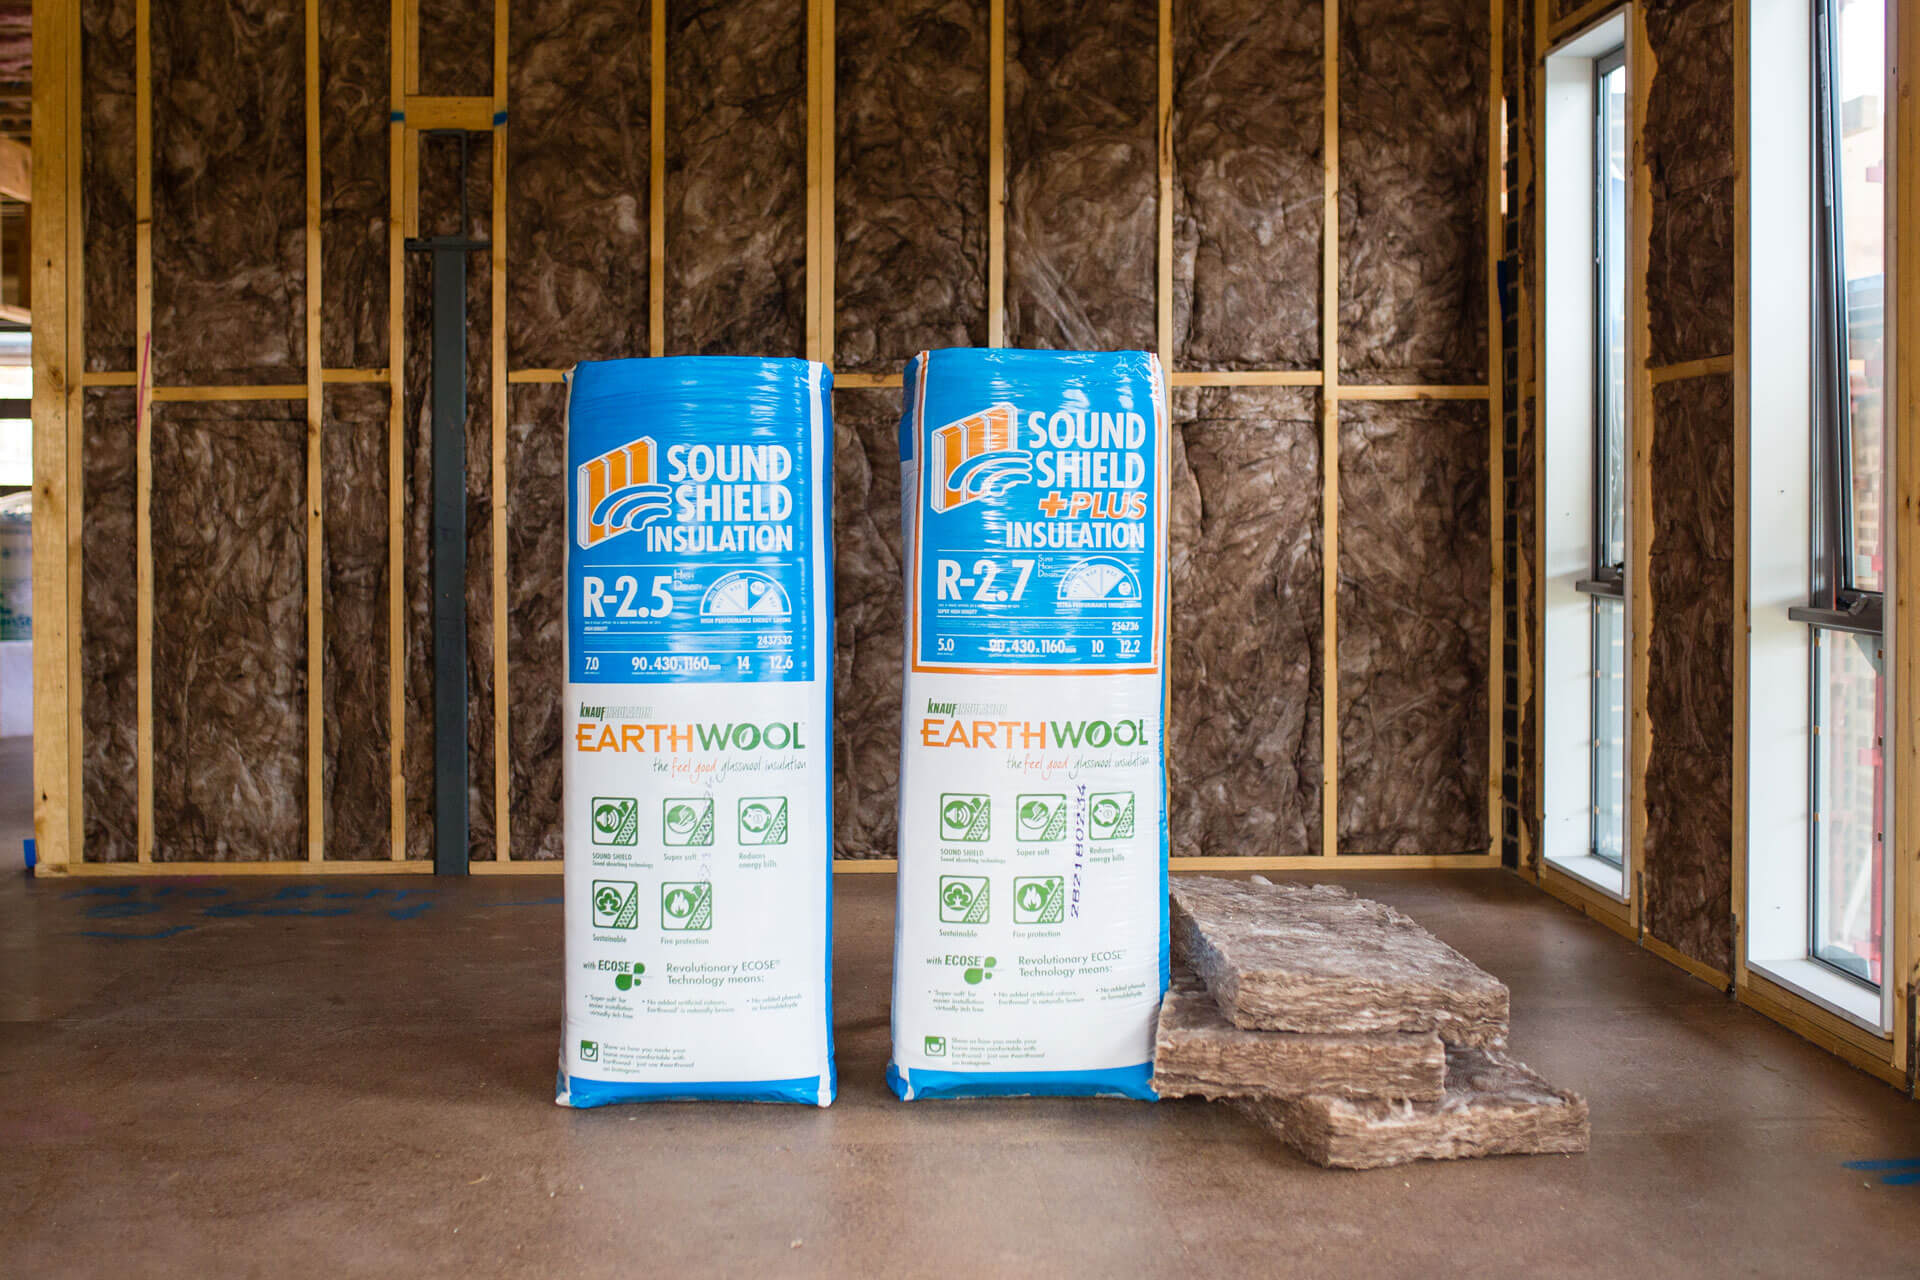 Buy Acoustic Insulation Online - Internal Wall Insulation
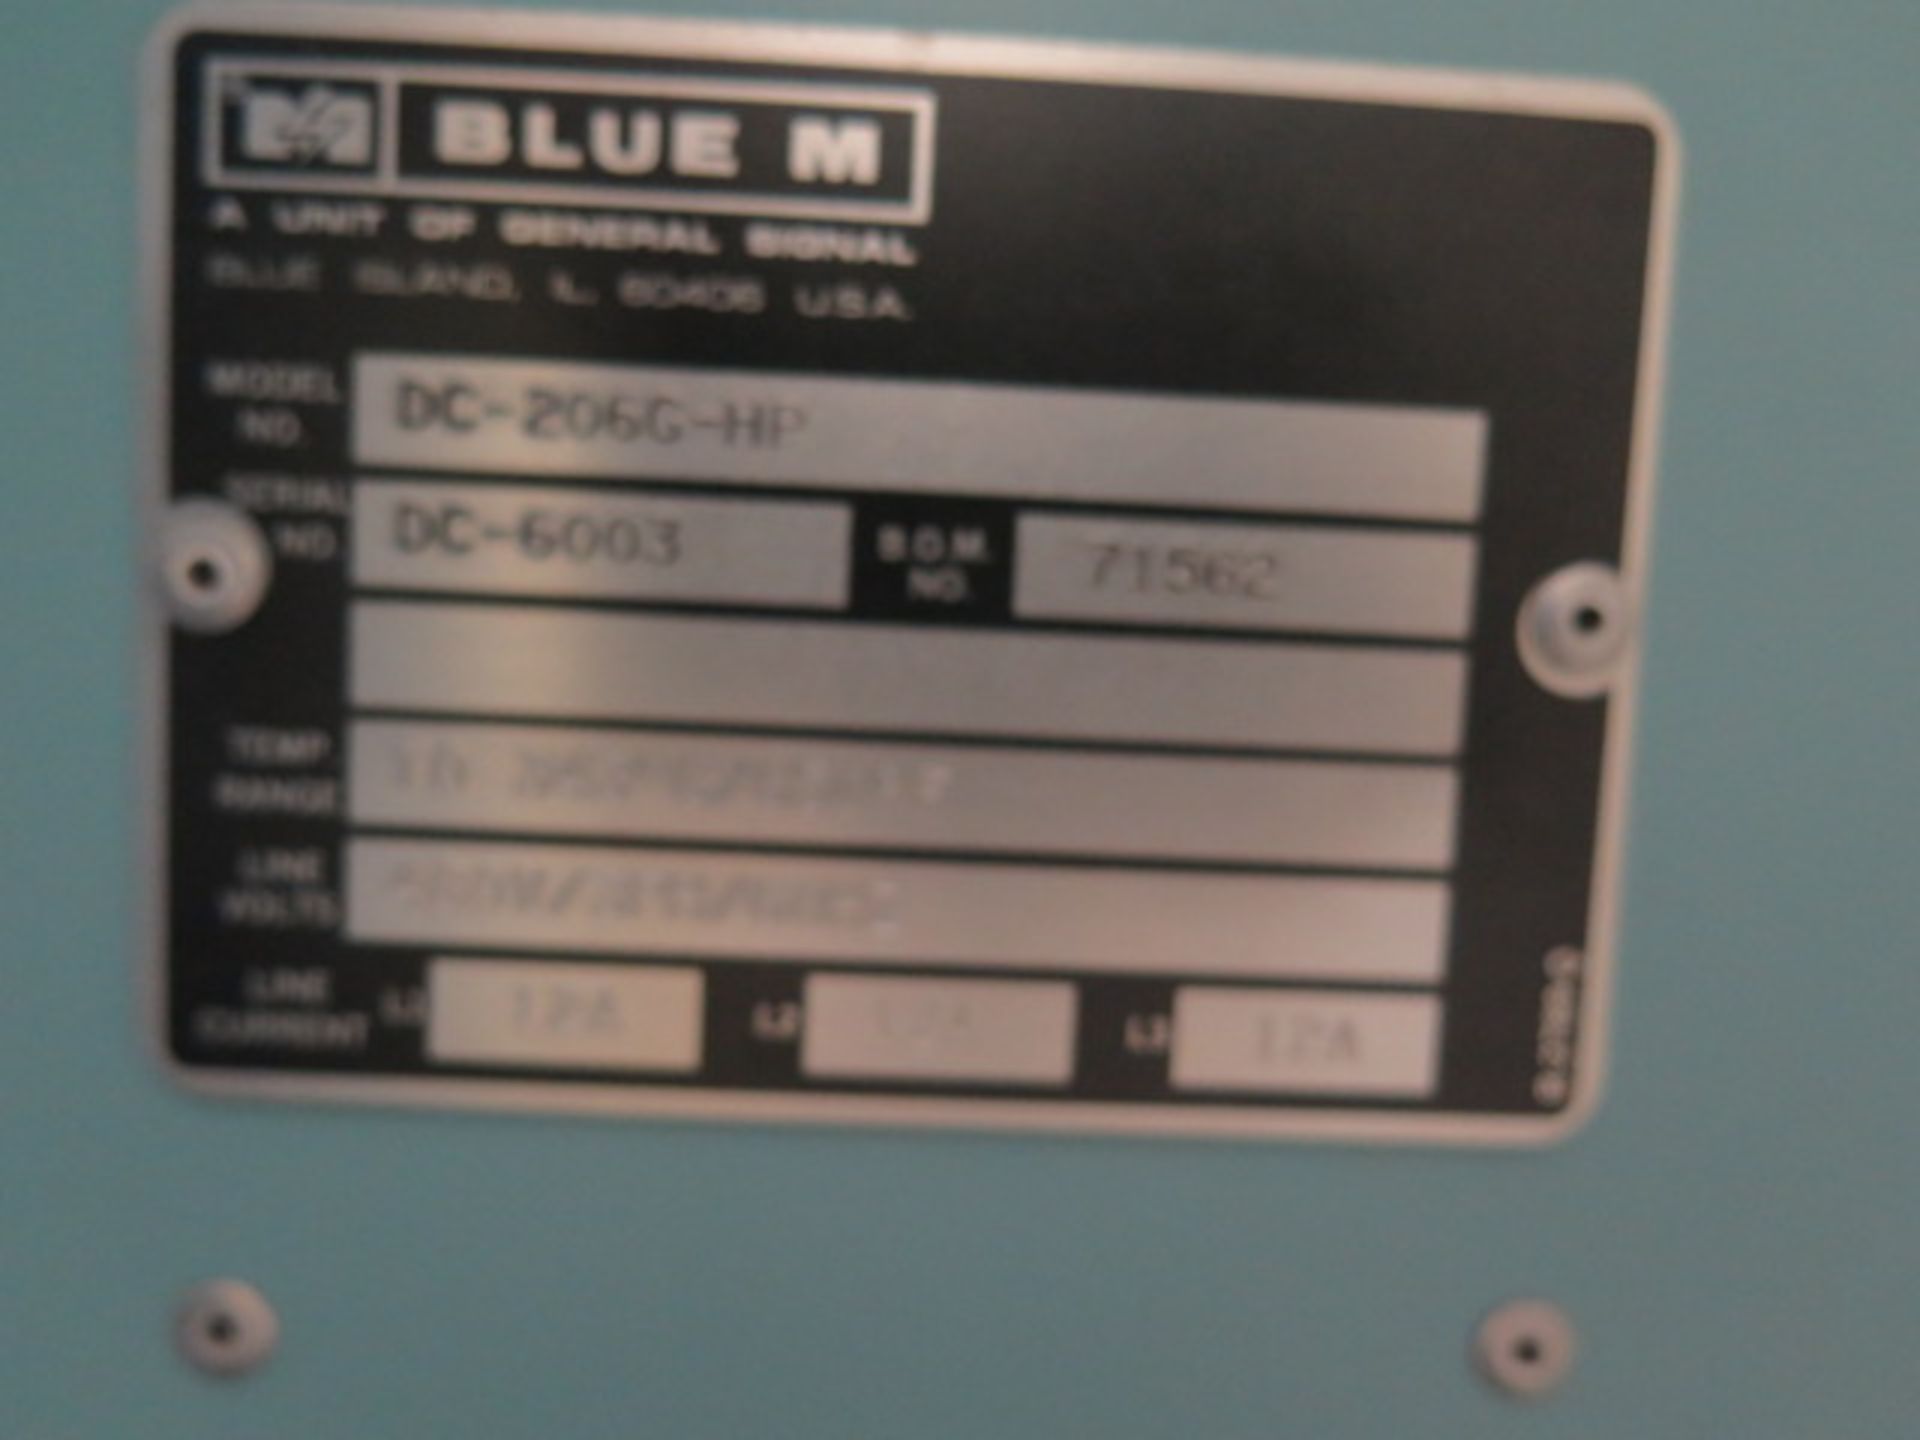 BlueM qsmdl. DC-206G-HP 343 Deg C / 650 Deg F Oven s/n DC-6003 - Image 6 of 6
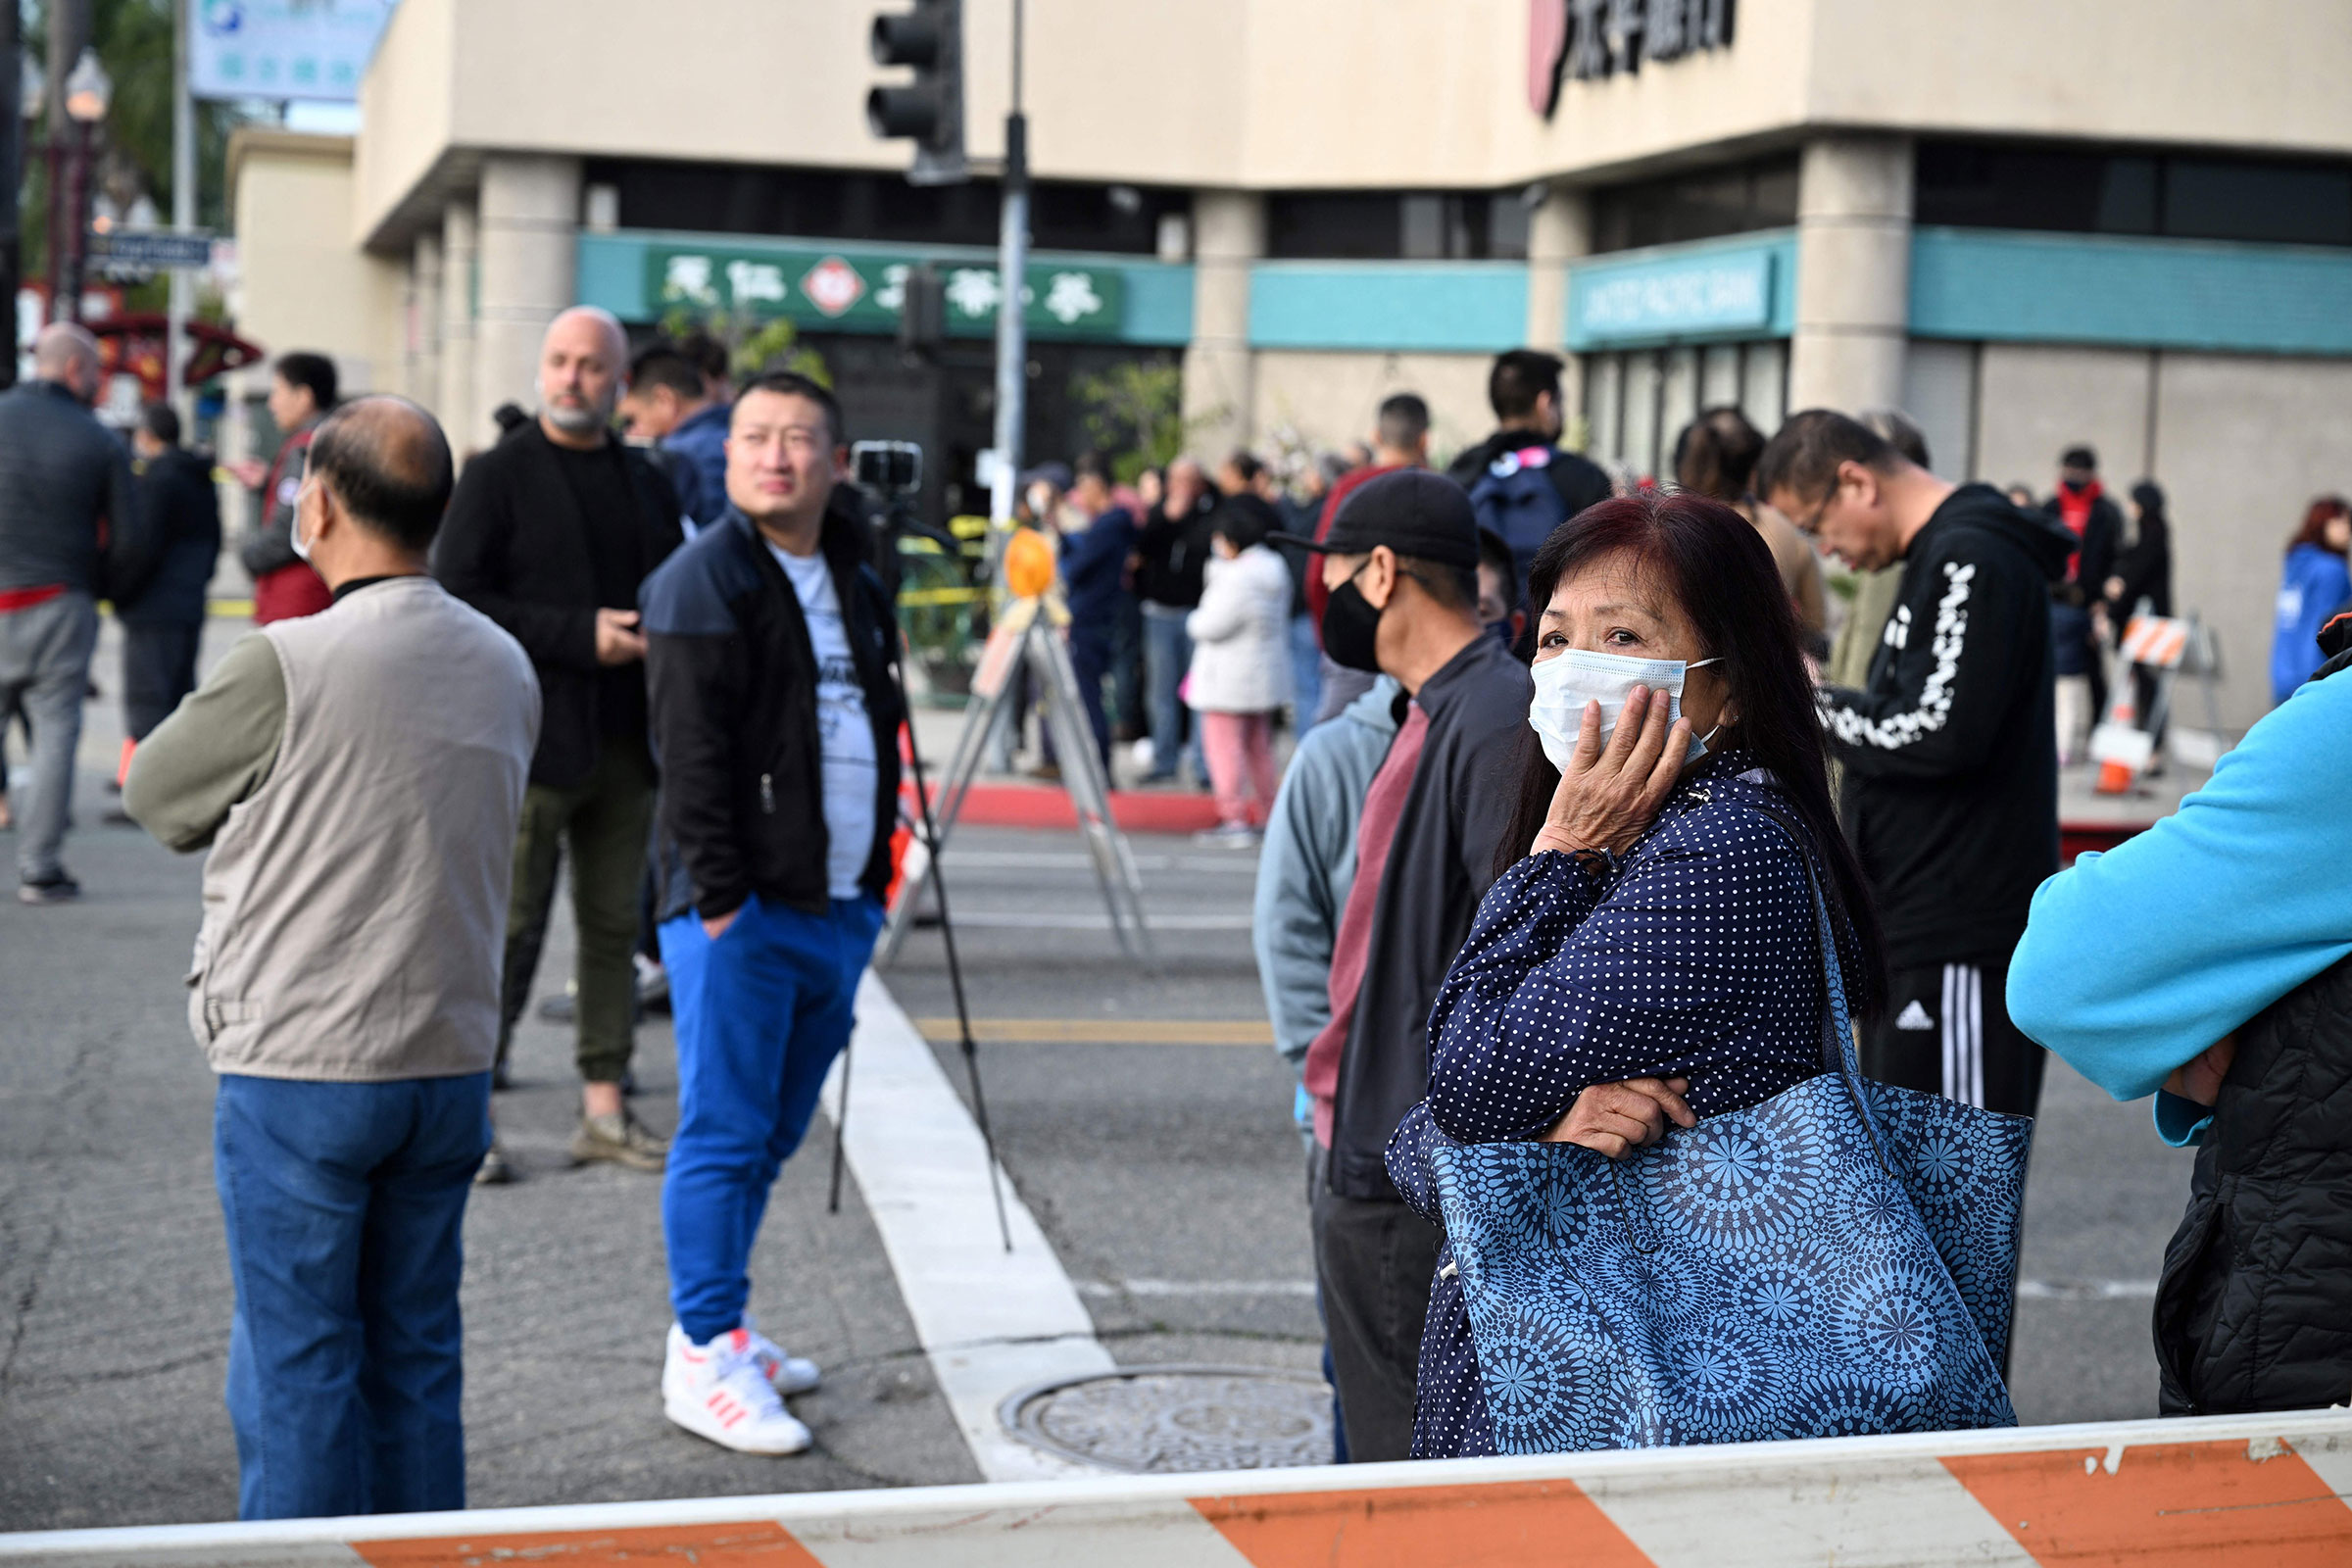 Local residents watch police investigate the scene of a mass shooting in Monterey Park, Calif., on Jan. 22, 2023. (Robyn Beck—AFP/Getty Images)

_Work task_
Starting at the line that holds "BlueM qsmdl. DC-206G-HP", retype every line through the end of the data, both ends included. Pictures stay out of the copy.

_Solved problem_
 BlueM qsmdl. DC-206G-HP 343 Deg C / 650 Deg F Oven s/n DC-6003 - Image 6 of 6
 Local residents watch police investigate the scene of a mass shooting in Monterey Park, Calif., on Jan. 22, 2023. (Robyn Beck—AFP/Getty Images)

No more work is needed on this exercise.